- Born: December 6, 1881 Philadelphia, Pennsylvania, US
- Died: February 15, 1959 (aged 77) Torrington, Connecticut, US
- Occupations: Illustrator, writer
- Years active: 1906–1942

= Helen Knipe Carpenter =

American novelist

Helen Knipe Carpenter (December 6, 1881 – February 15, 1959) was an illustrator and writer active in the early 20th century noted for her Art Nouveau illustrations and her adaptations of stage plays to novels.

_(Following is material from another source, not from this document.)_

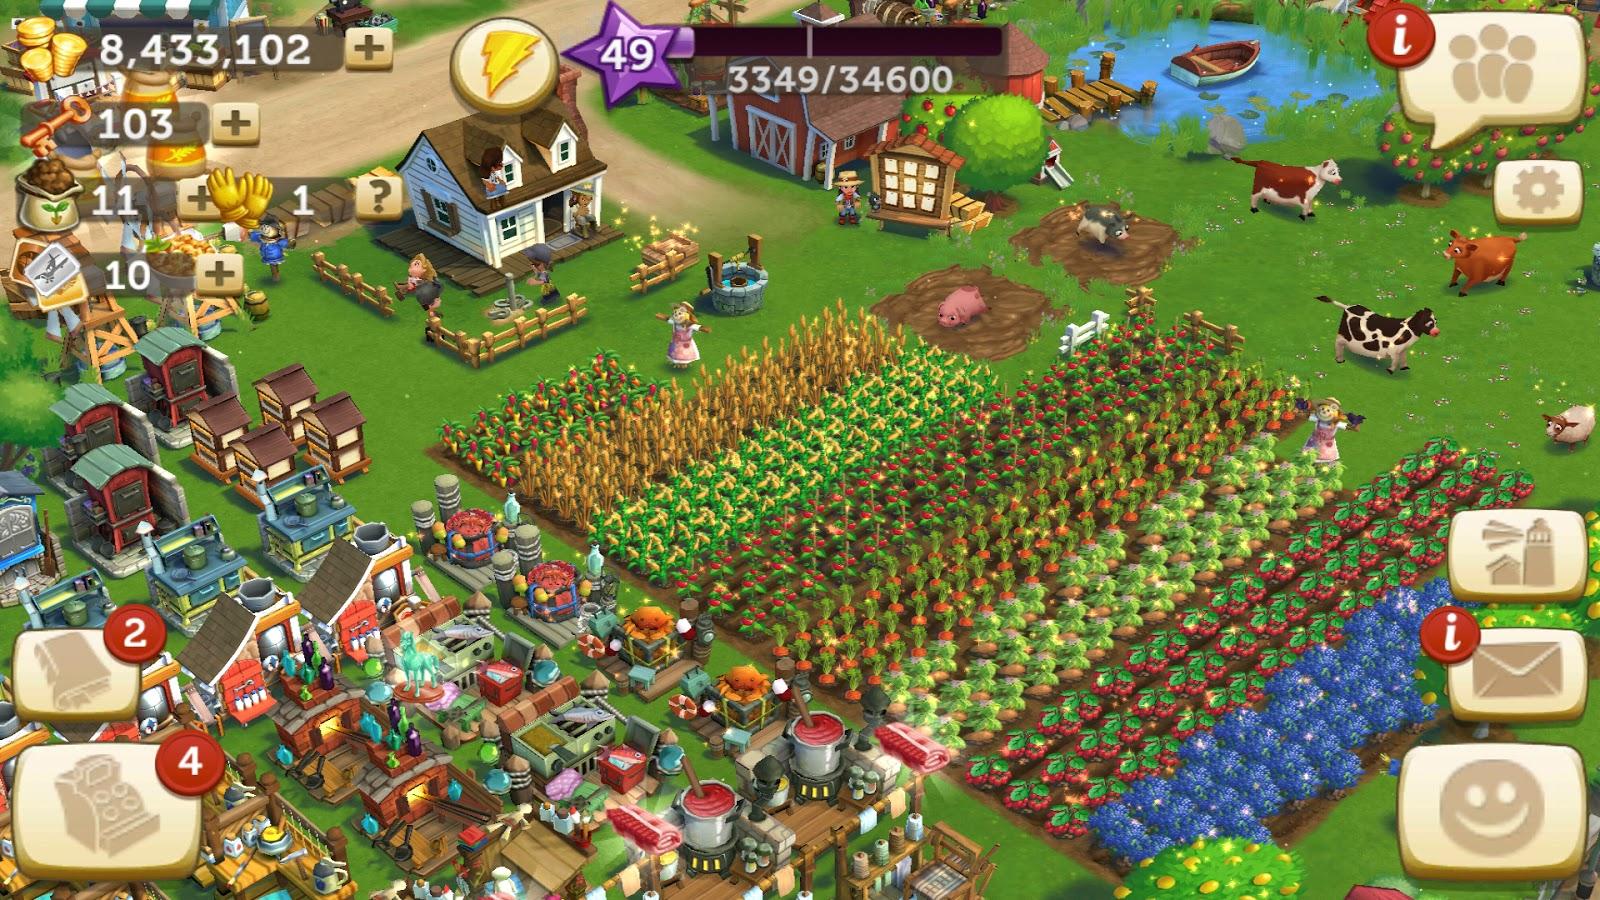 تحميل لعبة FarmVille 2 Country Escape v13.2.4543 مهكرة كاملة للأندرويد -  وحش التقنية / العاب وتطبيقات الاندرويد المهكرة مجانا
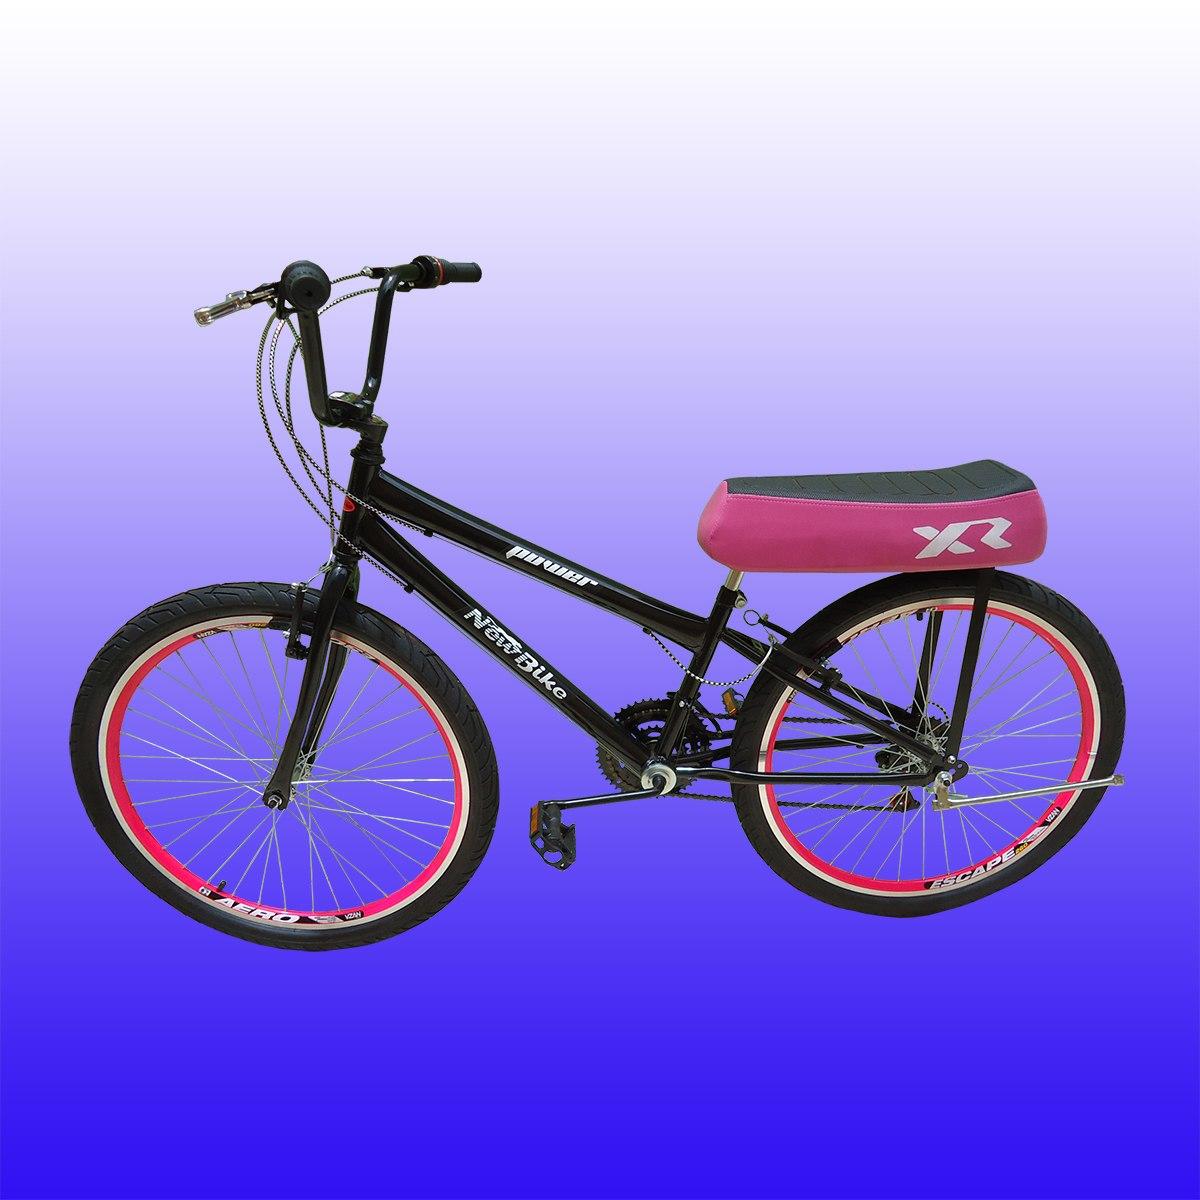 bicicleta-rebaixada-cbanco-de-mobilete-21707-MLB20217064516_122014-F

Born Helen Alden Knipe on December 6, 1881, in Philadelphia, Pennsylvania, a granddaughter of the novelist T. S. Arthur, she studied at the Pennsylvania Academy of the Fine Arts under the tutelage of William Merritt Chase, Hugh Henry Brackenridge and Thomas Pollock Anshutz.

She married writer, playwright, and director Edward Childs Carpenter on June 1, 1907, in Philadelphia where they lived and worked for a number of years, summering in Connecticut.

Her works span the period from the late Art Nouveau period through the 1940s.

==Works==

- Illustrator

| Year | Title |
|---|---|
| 1906 | Idelle Phelps, Your Health |
| 1907 | Dwight Burroughs, Jack, the Giant Killer, Jr. with Elenore Plaisted Abbott |
| 1908 | Millicent Olmsted, The Land of Never Was, Being the Adventures of Great-A, Little-a, and Bouncing B with Elenore Plaisted Abbott |
| 1909 | Millicent Olmsted, The Land of Really True, Being the Everyday Life of Great-A, Little-a, and Bouncing B with Elenore Plaisted Abbott |
| 1911 | Elbridge Hosmer Sabin, The Magical Man of Mirth with Elenore Plaisted Abbott |
| 1911 | Elbridge Hosmer Sabin, Queen of the City of Mirth with Elenore Plaisted Abbott |
| 1920 | Nathaniel Hawthorne, A Wonder Book and Tanglewood Tales with Elenore Plaisted Abbott |

- Author

| Year | Title |
|---|---|
| 1916 | The Cinderella Man, A Romance of Youth (book), based on the stage play by Edward Childs Carpenter |
| 1932 | Whistling in the Dark (book), based on the stage play by Laurence Gross and Edward Childs Carpenter |
| 1942 | Shylock's Daughter (play), with Edward Childs Carpenter |

Carpenter died on February 15, 1959, in Litchfield, Connecticut. She and her husband Edward Childs Carpenter are interred in Town Hill Cemetery in New Hartford, Connecticut.